Le musée des pavés et des meules d’Épernon.
17 mai 2024
Nous sommes 15 à nous retrouver devant ce musée situé dans un endroit charmant ou gambadent de petits moutons. Nous aurions souhaité être plus nombreux car ce musée local est passionnant . Il évoque une activité économique qui a disparu mais qui a été importante pour cette petite ville proche de nous.
Ce musée a été crée il y a une vingtaine d’années par une équipe de bénévoles qui ont pu récupérer chez les particuliers une quantité d’outils spécifiques impressionnante. Il est installé en partie dans un pavillon qui a été celui de la Normandie à l’exposition universelle de 1900. Il avait été racheté par les Boucicaut créateurs du Bon Marché et élément d’une ferme expérimentale.
Ce musée comprend 2 parties :
- l’une consacrée aux pavés
- l’autre aux meules
La région d’ Épernon dispose dans son sous-sol de bancs de grès qui sont les mêmes que ceux de la région de Fontainebleau et qui ont une épaisseur de 3 à 5 mètres. Or la ville de Paris à l’époque des travaux du baron Haussmann a eu besoin de pavés pour les boulevards ouverts dans la ville.

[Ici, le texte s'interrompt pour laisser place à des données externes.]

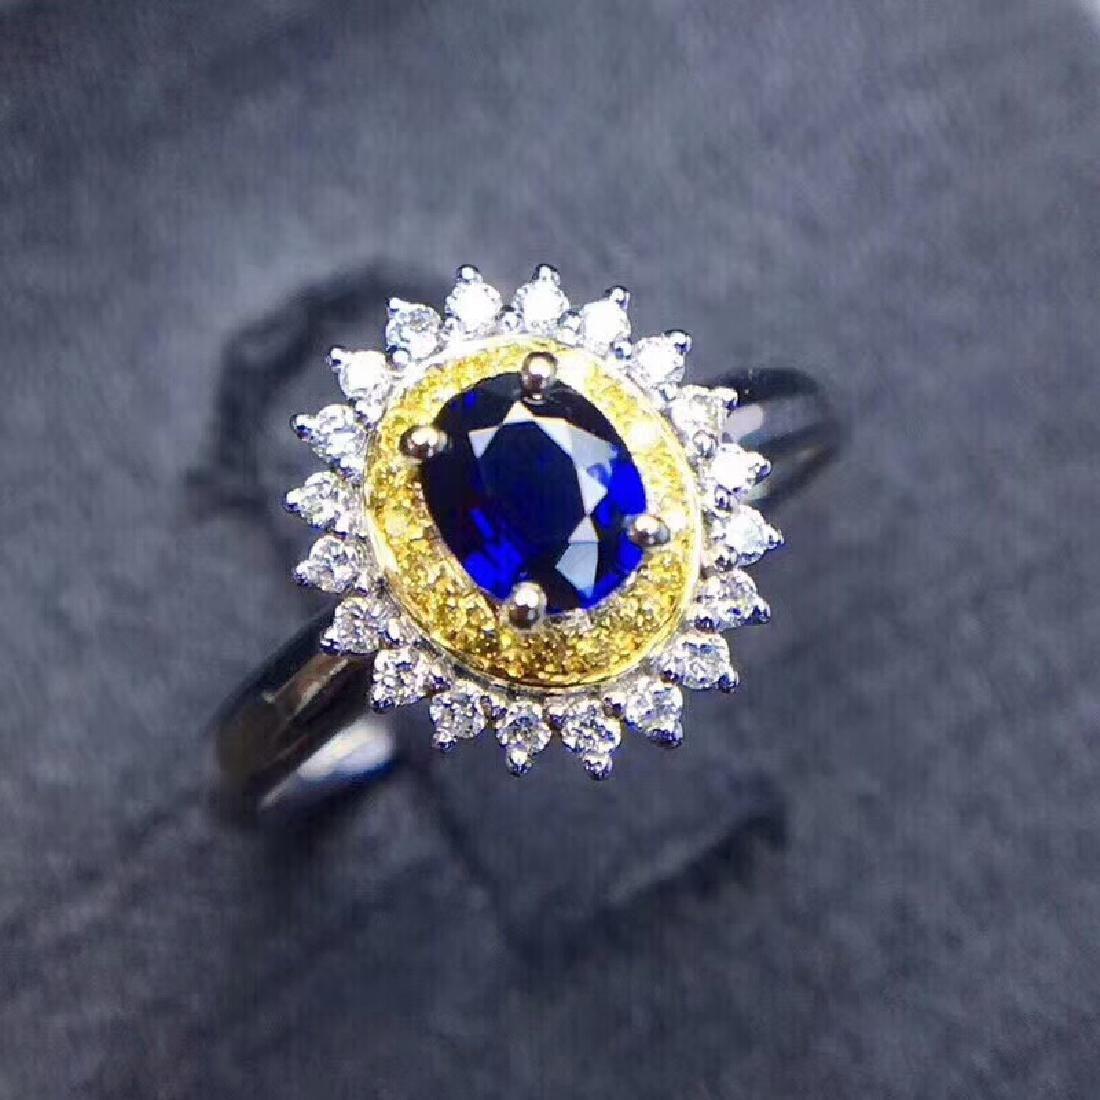 0.75 CTW Sapphire & VS Diamond Ring 18K - 8

Épernon avait l’avantage de disposer d’une gare permettant un transport facile. Au plein moment d’activité 7 wagons quittaient Épernon chaque jour chargés de pavés. Une très belle maquette permet de voir ce qu’était la gare à cette époque.
Les ouvriers constituaient une population particulière qui avait eu maille à partir avec la justice. C’était un métier très rude et les ouvriers pour se soutenir buvaient beaucoup : il y avait à Épernon 50 estaminets pour 2000 habitants qui consommaient chaque année 4200 litres d’alcool pur. Ils se tenaient à l’écart de la population locale.
Il fallait d’abord repérer ou se trouvait le banc de grès, dégager les arbres qui se trouvaient souvent au dessus, enlever la couche de terre qui pouvait être importante puis s’attaquer au banc de grès. Pour cela on s’efforçait de fracturer la pierre le cas échéant à l’aide d’un explosif et de faire basculer la partie détachée. Si elle ne basculait pas on creusait au dessous dans le sable si besoin en envoyant un petit enfant qui courait un très gros risque. On utilisait des orphelins pour ne pas avoir de problèmes avec la famille….
Chaque ouvrier produisait 160 à 180 pavés par jour. La qualité des pavés pouvait être différente, cela s’entendait au bruit produit quand on tapait dessus. Les ouvriers travaillaient 15 heurs par jour et ils n’avaient qu’une journée de repos par semaine. Ils étaient dotés chacun d’une cote de maille pour se protéger l’artère fémorale qui risquait d’être atteinte quand ils taillaient
Il y avait une quantité d’outils spécialisés. Pour régulariser les bord on utilisait un peigne à tailler. Les pavés pour Paris faisaient 20 cm sur 20.
Le grès avait été utilisé pour construire l’aqueduc de Maintenon qui a mobilisé 15000 hommes. Pour acheminer les pierres jusqu’à Maintenon on avait canalisé la Drouette, l’Eure et la Voise.
L’activité des meules était différente car la meulière ne se trouve pas en bancs mais en morceaux isolés. L’extraction est très pénible car ces pierres sont extrêmement lourdes. Des collègues tenaient les épaules du porteur car il y avait un risque de déboîtement, une meule monolithique pouvait peser 800 kg.
Il faut d’abord tailler pour avoir un arrondi mais c’est souvent irrégulier et faut ajouter des quartiers qui sont scellés avec du ciment et au besoin on réalise un cerclage en fer. Par ailleurs périodiquement on doit recréer un rayonnage pour que la meule soit efficace étant préciser que dans un moulin il y a une meule dormante en dessous et une meule mobile au dessus.
La dernière compagnie en activité s’appelait l’Abrasienne d’ Épernon
Le musée contient de nombreuses maquettes de moulins :
- moulin romain à traction
- moulin bateau : il y en avait 9 accrochés aux ponts de Paris
- moulin à traction animale
- -moulin à vent : il y avait 600 en Beauce, il en reste 9 aujourd’hui
- moulin à turbine
Nous sommes repartis enchantés par cette visite sous la conduite d’un bénévole sympathique qui a consacré beaucoup de son temps pour faire revivre cette activité économique trop souvent méconnue.